● Extracted entries:
────────
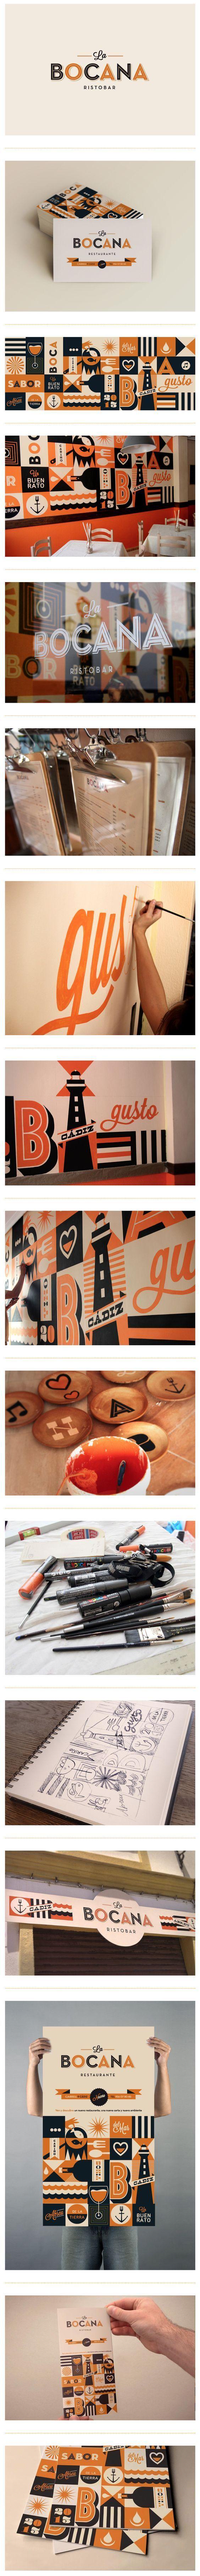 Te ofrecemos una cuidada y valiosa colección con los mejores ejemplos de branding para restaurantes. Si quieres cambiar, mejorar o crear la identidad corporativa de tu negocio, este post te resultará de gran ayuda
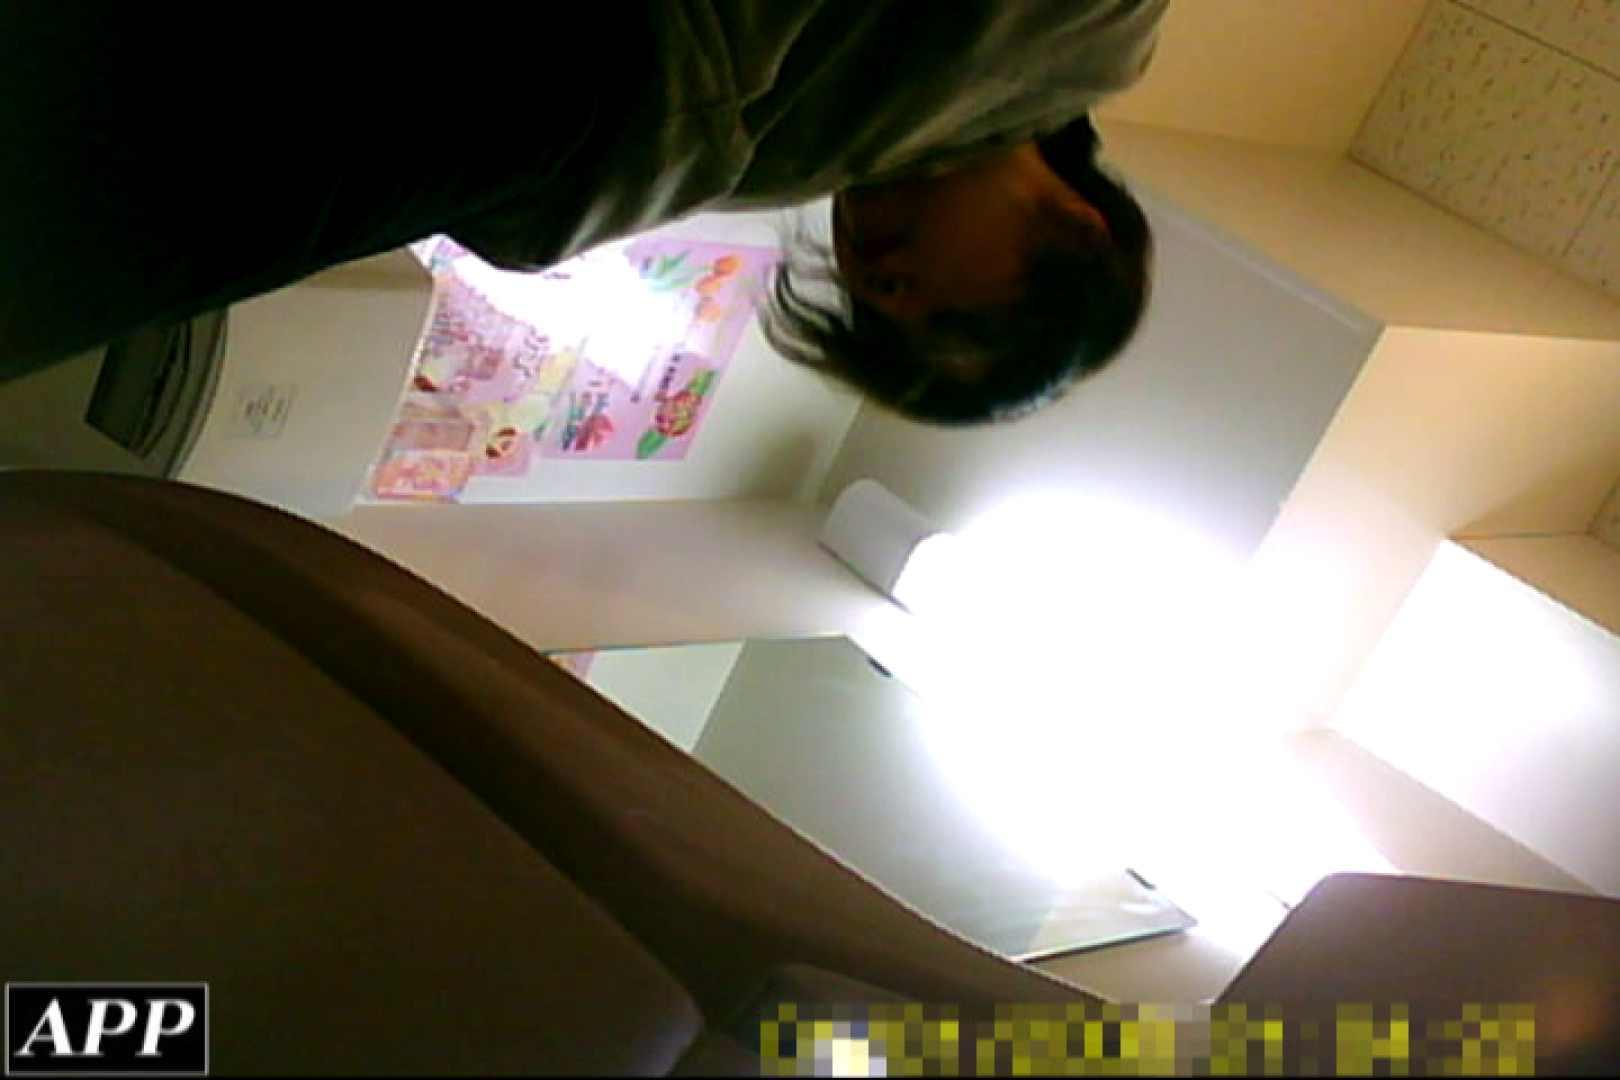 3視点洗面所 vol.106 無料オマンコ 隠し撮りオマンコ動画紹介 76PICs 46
────────
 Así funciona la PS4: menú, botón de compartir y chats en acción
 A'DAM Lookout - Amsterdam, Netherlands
────────
● Assignment:
Copy the entries above exactly, but only the stretch from the line containing "Te ofrecemos una" through the line containing "3視点洗面所 vol.106 無料オマンコ 隠し撮りオマンコ動画紹介 76PICs 46". Keep both end lines; drop the pictures.

● Output:
 Te ofrecemos una cuidada y valiosa colección con los mejores ejemplos de branding para restaurantes. Si quieres cambiar, mejorar o crear la identidad corporativa de tu negocio, este post te resultará de gran ayuda
 3視点洗面所 vol.106 無料オマンコ 隠し撮りオマンコ動画紹介 76PICs 46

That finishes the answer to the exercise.